*** Begin section ***
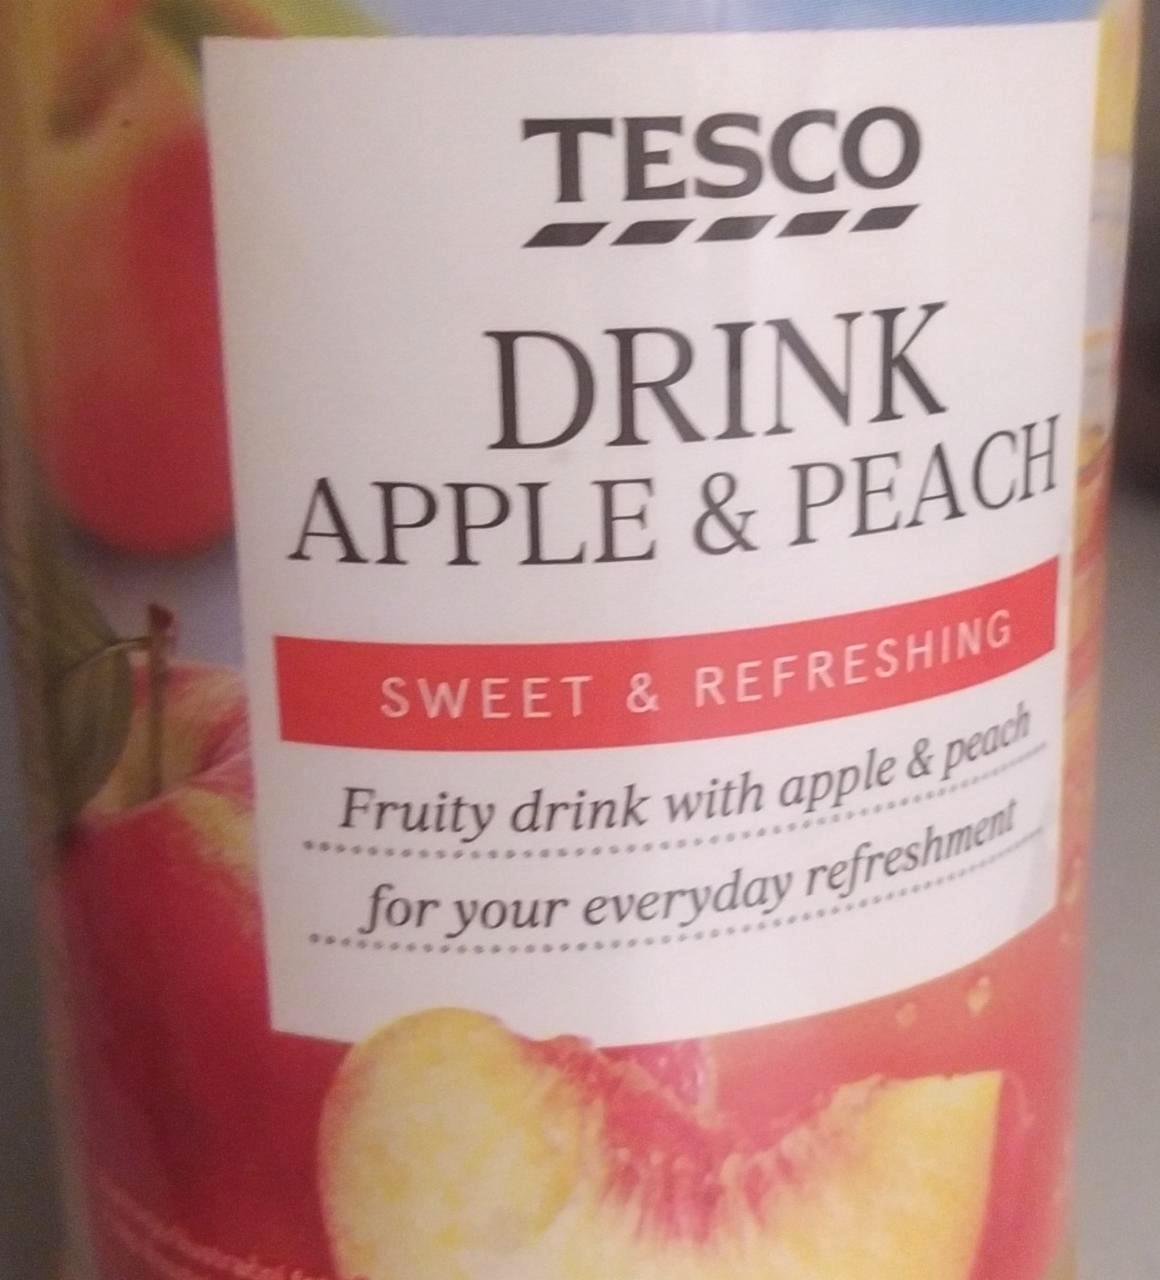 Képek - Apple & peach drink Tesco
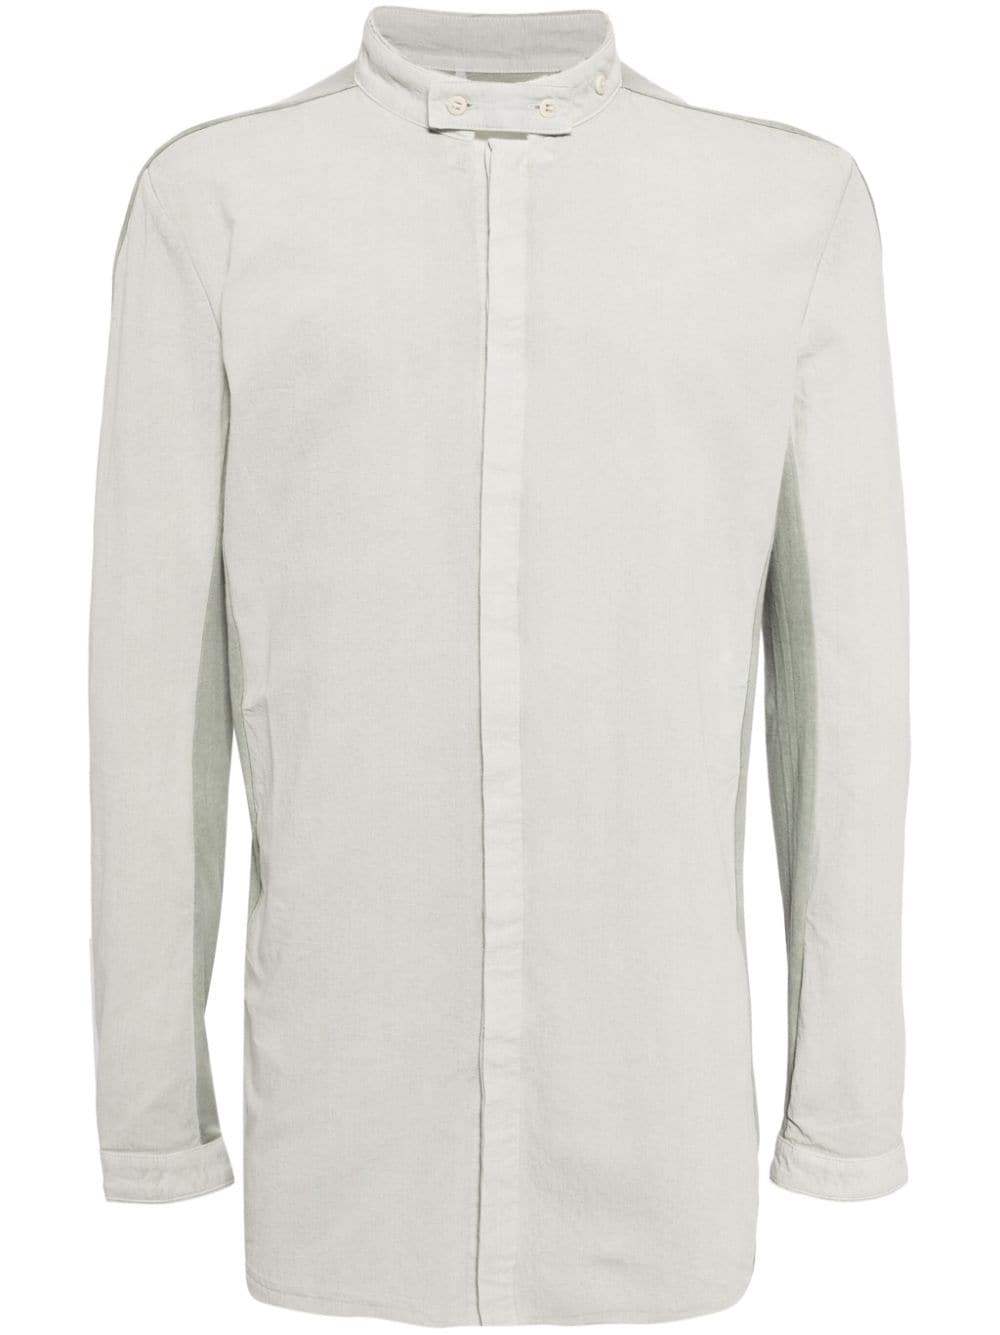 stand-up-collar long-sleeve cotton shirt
*** End section ***
*** Begin section ***
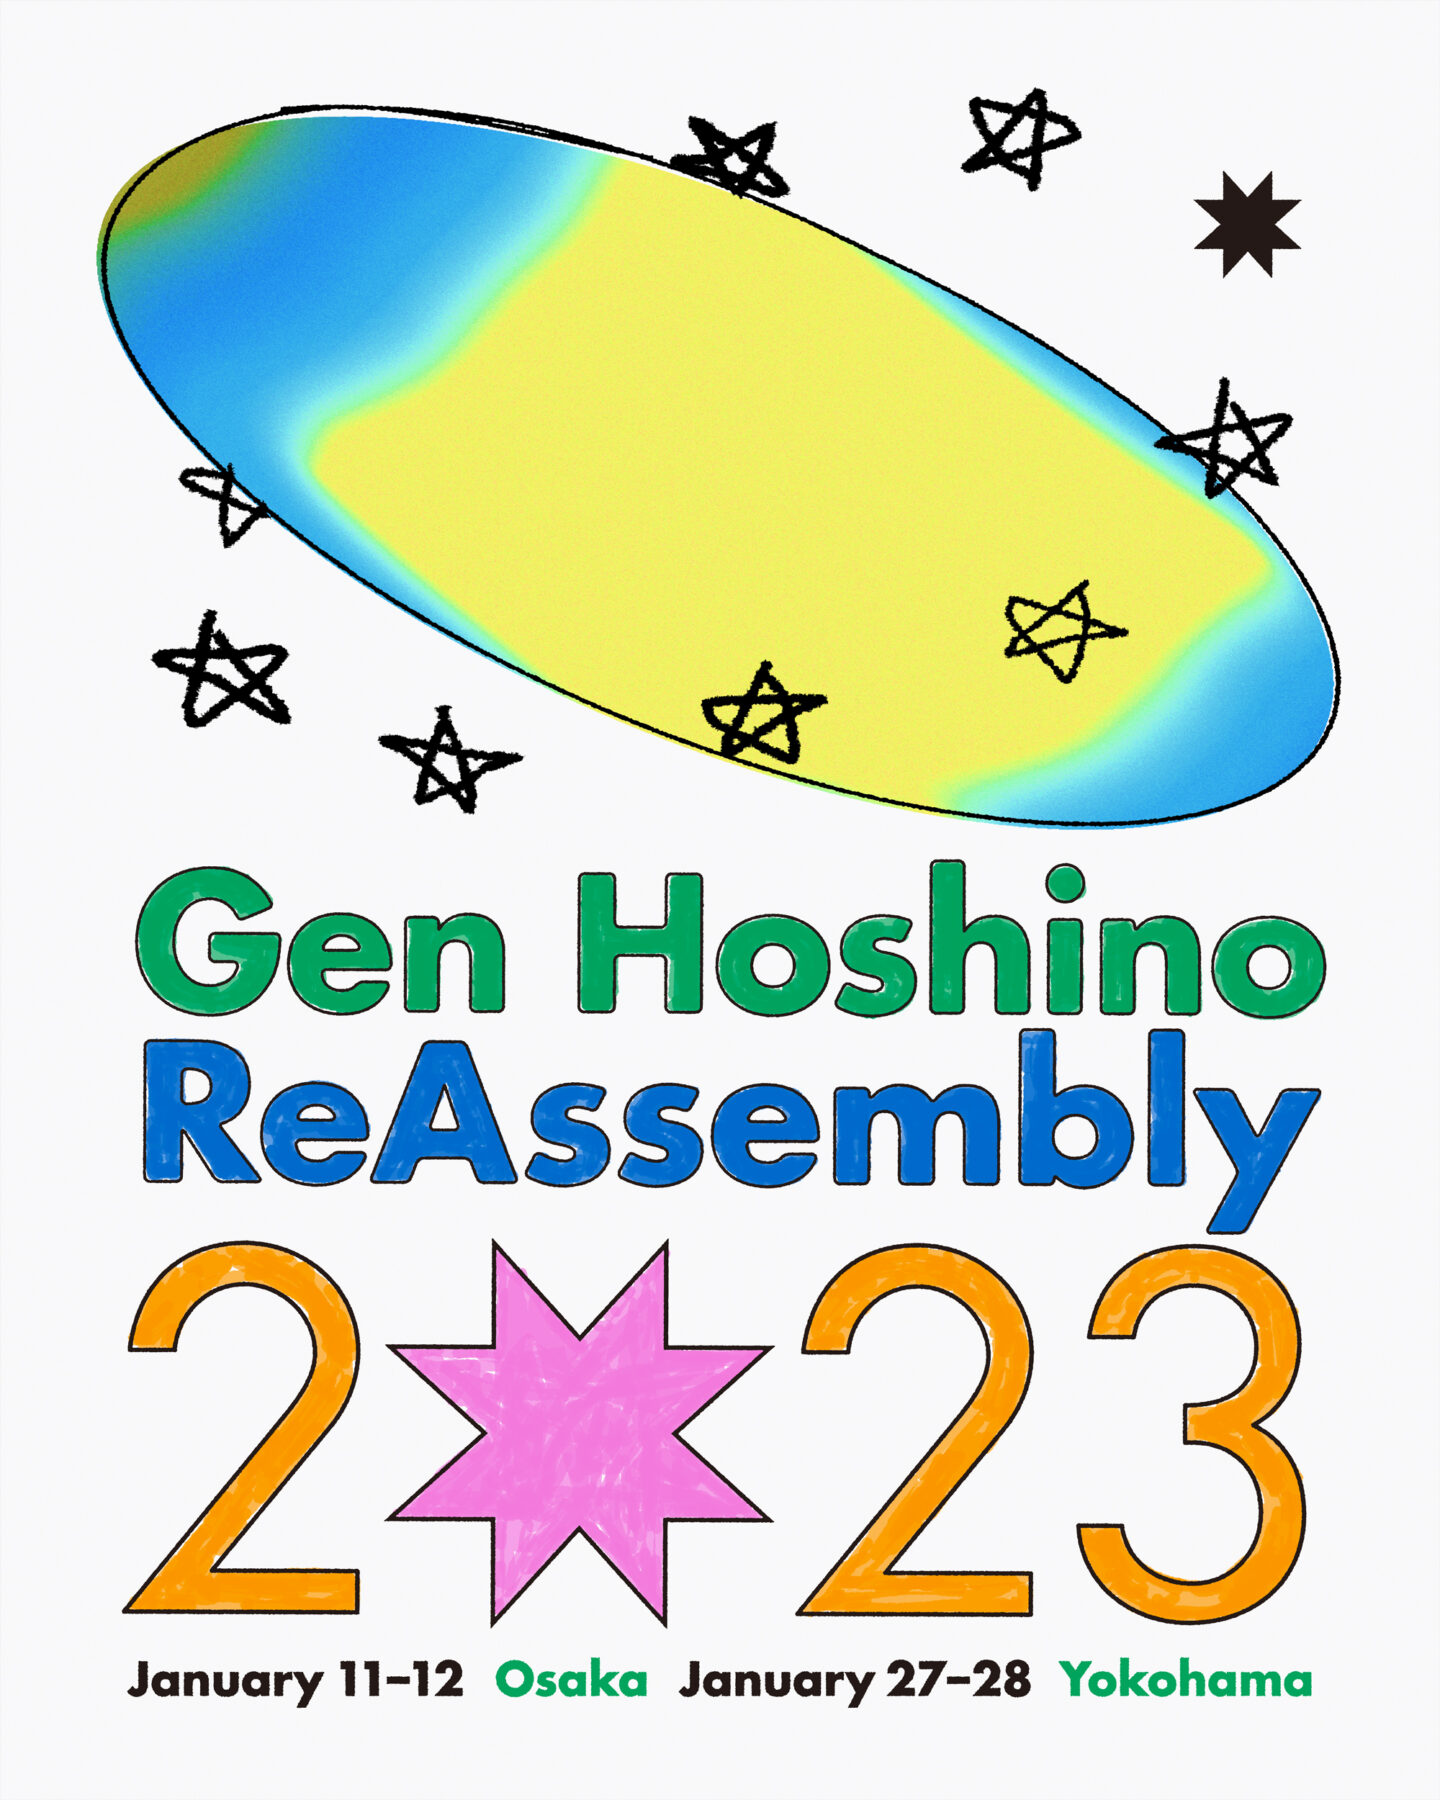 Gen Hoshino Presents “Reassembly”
*** End section ***
WHAT TO WORK ON:
Above, find the line with "Képek - Apple & peach drink Tesco"; copy it and every line down to the line with "stand-up-collar long-sleeve cotton shirt", exactly and both included, but no pictures.

OUTPUT FOR THIS TASK:
 Képek - Apple & peach drink Tesco
 stand-up-collar long-sleeve cotton shirt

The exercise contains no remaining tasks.